Low-res version of an animation for the Williams College Museum of Art ancient gallery to explain the context and iconography of their two palace reliefs (the first such reliefs ever to come to this country);
© 2011 Learning Sites, Inc.

Northwest Palace

Setting
The Northwest Palace, built primarily by Ashur-nasir-pal II (883-859 BCE), is the largest and most extensively excavated of the palaces on the Nimrud citadel. Excavations were conducted by the British sporadically between 1854 and 1882, and then more seriously beginning in 1949. Under the British School of Archaeology in Iraq and the British Museum, additional areas of the Northwest Palace were traced and mapped, doubling the previously known extent of the building. Mud brick walls and arched doorways were reconstructed, and bas-relief fragments were restored in situ. In the 1970s, a Polish team documented the whole citadel site in photographs, including all of the sculpture, and surveyed the site and recorded it in plan and elevation. Since the 1970s, Iraqi teams have continued work on the palace, including the discovery of tombs of women of the Assyrian royal family below the floors.

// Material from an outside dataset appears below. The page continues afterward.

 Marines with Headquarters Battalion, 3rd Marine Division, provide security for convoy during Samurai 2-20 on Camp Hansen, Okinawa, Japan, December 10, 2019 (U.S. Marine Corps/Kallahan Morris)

The Northwest Palace has about 100 rooms, more than 20 of which were lined with slabs of stone covered with bas-relief sculpture. Many of the reliefs depict large standing or striding figures, mostly of kings, attendants, tribute bearers, and winged geniuses. Other slabs depict battle and hunting scenes that advertise the accomplishments of the king. Inscriptions extolling the king’s ancestry and deeds are carved across and between the figures and scenes. Major entryways were flanked by pairs of lamassu. Some of these sculptural elements remain at the site, on the walls or in the site museum, but most was dispersed in the 19th century to museums and private collections around the globe – 320 documented reliefs or fragments in 80 different collections.

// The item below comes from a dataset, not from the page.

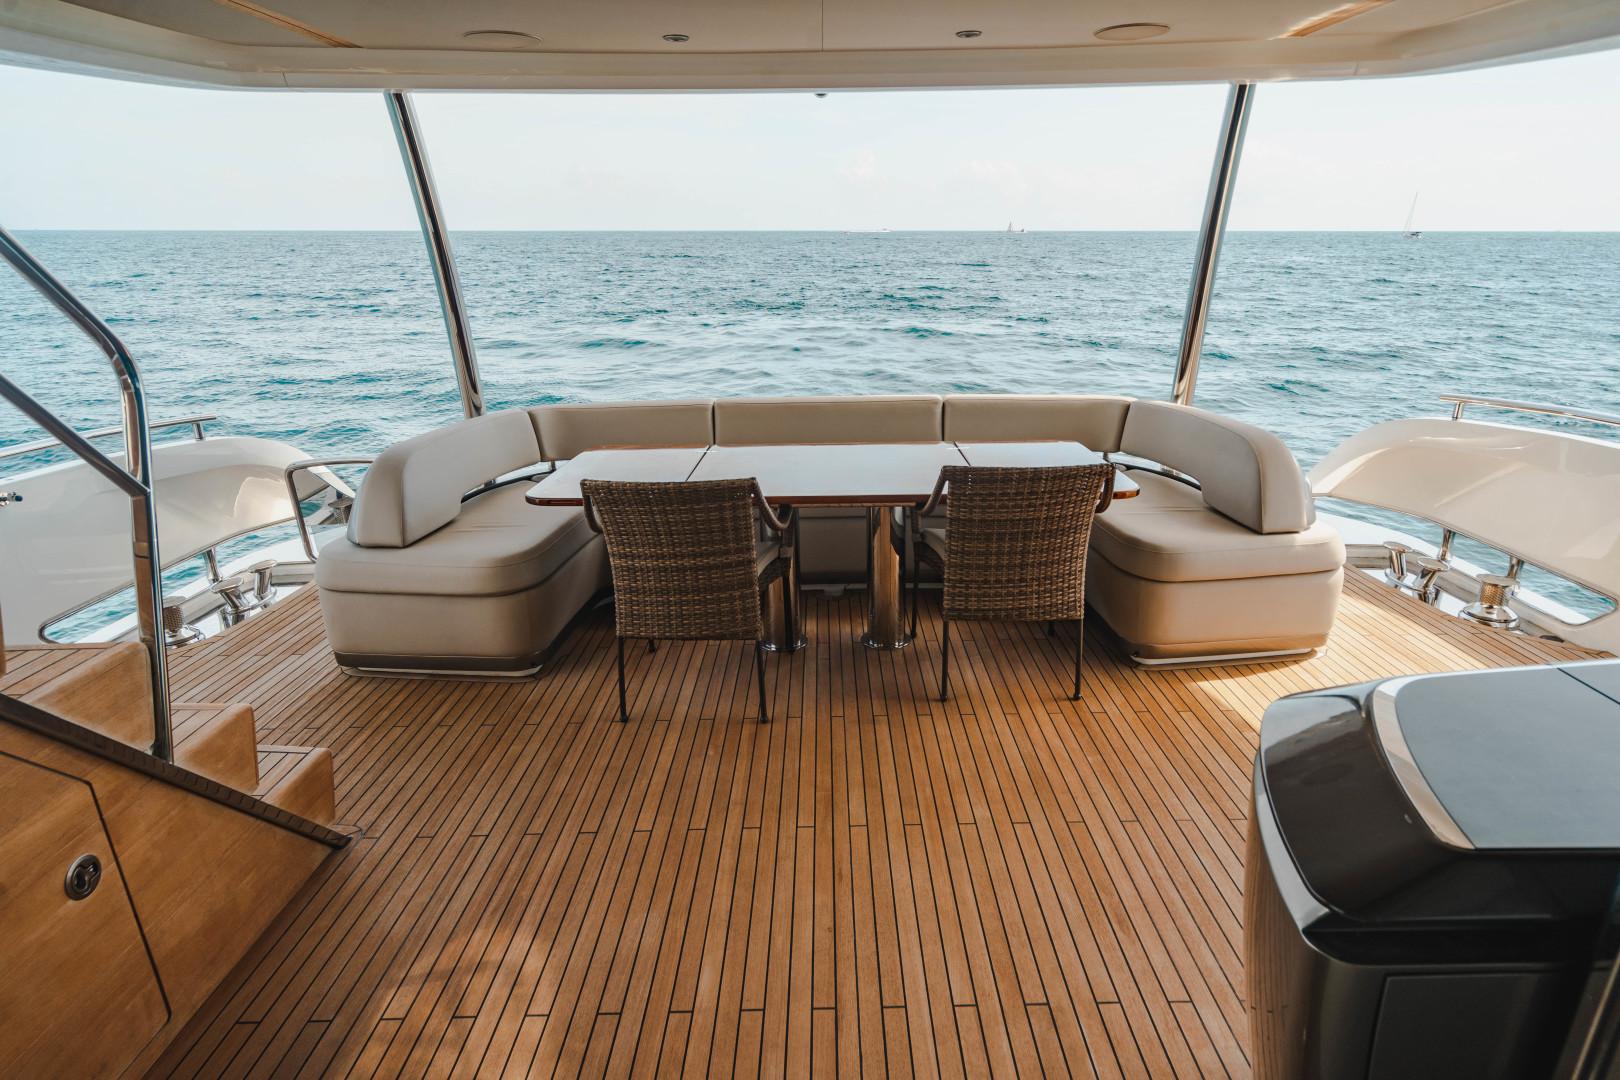 Princess-Y85  2019-Splash Delray Beach-Florida-United States-1631645 | Thumbnail

The bas-reliefs and the lamassu from the Northwest Palace are among the most familiar images from ancient Mesopotamian art. Not only do these images give us some of the most accomplished artistic expression of the ancient world, but also, in combination with the inscriptions, they give us deep insight into the practices of the Assyrian court and culture. Indeed the Northwest Palace, with its arrangement of spaces and its impressive sculptural decoration inspiring awe of, and service to, the ruler, can be seen as the model for subsequent Assyrian palace design.

Project

In the 1990s, archaeologist the late Samuel M. Paley (formerly of Professor of Classics, University at Buffalo, SUNY) and architect Alison B. Snyder (Professor Architecture, University of Oregon) were working on drawings that reconstructed the architecture of the Northwest Palace of Ashur-nasir-pal II at Nimrud and the placement of the bas-relief images that had originally lined its walls. Most of the sculptures had been dispersed in the 19th century to museums and private collections around the world, and a visualization that would clarify the spatial relations between the relief sculptures and the architecture, and among the reliefs themselves, was sorely needed. In 1996 Paley and Snyder approached Learning Sites, Inc., to discuss whether digital reconstruction might be more efficient than the tedious process they had been pursuing on paper.

Paley realized that a digital visualization of the palace could be not only a tool for testing his own ideas, but also a resource to be made available to scholars, educators, and students so that they might better appreciate the architectural design and the grand sculptural program of this important ancient monument. In addition, he saw the potential for shedding new light on, and raising new questions about, circulation in the building, lighting, and the functions of rooms and spaces. At the same time, such a resource could provide a synthesis of the diverse data, research, and interpretations accumulated in the 150 years since the site’s discovery by explorer Sir Austen Henry Layard.

Solution

The Learning Sites team decided to use virtual reality technology to create a visualization of the Northwest Palace at Nimrud that went far beyond any online digital publication yet done for an archaeological site. Beginning with the Throne Room and the adjacent Great Northern Courtyard, they designed a VRML model for the Web that included links from sculptural and architectural details to an online database of text, photographs, drawings, and scholarly interpretations of the building complex. Links to unpublished analyses and images (including from recent Iraqi excavations) could also bring in source material not otherwise available. At the same time, the archive of images would be helpful in tracking illicit antiquities – an ongoing thorny problem of great concern to all those involved with cultural heritage.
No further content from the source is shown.